*** Opening of Data ***
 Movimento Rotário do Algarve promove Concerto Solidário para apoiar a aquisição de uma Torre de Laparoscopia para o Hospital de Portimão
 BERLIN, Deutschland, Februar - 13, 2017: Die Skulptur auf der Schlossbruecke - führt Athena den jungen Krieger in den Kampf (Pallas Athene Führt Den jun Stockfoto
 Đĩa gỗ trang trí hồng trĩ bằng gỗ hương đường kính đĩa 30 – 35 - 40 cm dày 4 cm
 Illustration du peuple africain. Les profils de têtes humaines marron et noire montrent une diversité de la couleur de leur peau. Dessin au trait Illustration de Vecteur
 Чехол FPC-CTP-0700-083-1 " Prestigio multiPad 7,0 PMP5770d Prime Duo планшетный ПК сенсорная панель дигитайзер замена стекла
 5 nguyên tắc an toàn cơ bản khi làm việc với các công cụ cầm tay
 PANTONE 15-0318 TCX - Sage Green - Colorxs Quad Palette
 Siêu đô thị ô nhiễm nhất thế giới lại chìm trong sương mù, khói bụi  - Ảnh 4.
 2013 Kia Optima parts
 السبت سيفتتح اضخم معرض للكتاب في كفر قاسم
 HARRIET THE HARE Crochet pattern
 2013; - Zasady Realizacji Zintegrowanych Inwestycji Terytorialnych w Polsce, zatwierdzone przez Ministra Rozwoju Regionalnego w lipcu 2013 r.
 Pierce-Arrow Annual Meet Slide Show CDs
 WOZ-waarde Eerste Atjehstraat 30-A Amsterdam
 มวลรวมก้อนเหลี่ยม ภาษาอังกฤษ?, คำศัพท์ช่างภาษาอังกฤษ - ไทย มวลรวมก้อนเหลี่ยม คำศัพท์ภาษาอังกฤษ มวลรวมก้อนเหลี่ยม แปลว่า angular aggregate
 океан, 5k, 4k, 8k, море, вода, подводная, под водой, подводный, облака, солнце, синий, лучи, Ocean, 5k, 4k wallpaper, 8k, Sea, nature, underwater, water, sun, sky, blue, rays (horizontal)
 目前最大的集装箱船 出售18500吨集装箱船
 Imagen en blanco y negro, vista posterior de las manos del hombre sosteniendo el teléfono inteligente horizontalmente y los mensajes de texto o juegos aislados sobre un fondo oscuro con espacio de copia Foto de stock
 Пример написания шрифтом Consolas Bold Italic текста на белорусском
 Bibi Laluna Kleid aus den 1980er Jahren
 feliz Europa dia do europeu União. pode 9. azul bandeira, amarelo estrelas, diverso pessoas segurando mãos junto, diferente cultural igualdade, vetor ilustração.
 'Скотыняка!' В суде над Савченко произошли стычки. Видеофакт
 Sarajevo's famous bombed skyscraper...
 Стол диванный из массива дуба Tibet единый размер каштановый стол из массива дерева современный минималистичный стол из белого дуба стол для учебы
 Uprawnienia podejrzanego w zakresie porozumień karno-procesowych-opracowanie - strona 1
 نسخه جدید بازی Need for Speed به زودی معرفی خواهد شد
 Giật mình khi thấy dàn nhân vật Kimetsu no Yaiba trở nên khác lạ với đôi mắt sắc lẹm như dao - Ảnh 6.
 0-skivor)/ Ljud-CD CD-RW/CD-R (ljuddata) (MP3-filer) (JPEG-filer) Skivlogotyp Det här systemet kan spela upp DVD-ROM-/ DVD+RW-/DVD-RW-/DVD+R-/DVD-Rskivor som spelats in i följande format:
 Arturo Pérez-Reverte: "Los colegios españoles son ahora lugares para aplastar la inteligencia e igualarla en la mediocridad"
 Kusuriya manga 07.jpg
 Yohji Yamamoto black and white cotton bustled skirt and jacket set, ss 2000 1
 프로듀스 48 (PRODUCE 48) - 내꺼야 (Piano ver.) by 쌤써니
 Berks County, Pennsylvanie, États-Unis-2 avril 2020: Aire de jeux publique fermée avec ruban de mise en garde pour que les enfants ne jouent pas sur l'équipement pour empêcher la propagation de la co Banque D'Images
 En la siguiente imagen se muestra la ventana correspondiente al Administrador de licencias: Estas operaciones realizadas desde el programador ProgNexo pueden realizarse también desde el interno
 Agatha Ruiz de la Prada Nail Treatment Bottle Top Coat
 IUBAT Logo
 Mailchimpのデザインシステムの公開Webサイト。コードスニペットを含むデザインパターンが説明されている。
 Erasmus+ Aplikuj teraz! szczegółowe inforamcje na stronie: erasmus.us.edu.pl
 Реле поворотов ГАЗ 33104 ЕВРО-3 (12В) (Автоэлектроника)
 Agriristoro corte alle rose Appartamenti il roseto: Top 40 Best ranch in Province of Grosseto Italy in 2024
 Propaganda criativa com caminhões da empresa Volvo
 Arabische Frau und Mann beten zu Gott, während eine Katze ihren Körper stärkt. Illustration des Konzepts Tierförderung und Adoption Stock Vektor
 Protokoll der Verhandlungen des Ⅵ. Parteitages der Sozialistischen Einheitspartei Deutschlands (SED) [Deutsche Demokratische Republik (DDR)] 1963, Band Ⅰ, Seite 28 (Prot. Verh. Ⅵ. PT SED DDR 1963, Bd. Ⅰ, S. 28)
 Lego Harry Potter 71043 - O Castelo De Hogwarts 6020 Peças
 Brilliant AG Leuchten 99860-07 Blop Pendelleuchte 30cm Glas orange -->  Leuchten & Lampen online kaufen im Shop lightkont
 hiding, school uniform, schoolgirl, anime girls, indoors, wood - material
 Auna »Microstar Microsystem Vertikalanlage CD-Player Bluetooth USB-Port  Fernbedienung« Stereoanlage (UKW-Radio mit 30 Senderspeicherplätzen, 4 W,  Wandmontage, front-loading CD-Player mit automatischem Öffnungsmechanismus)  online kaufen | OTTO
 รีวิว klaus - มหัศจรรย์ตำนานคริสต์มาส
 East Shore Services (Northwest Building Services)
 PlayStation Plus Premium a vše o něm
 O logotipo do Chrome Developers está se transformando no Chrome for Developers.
*** Close of Data ***
• [What you will do]: From the data above, how many lines contain the word "para"? Give the number alone.

• [Task response]: 2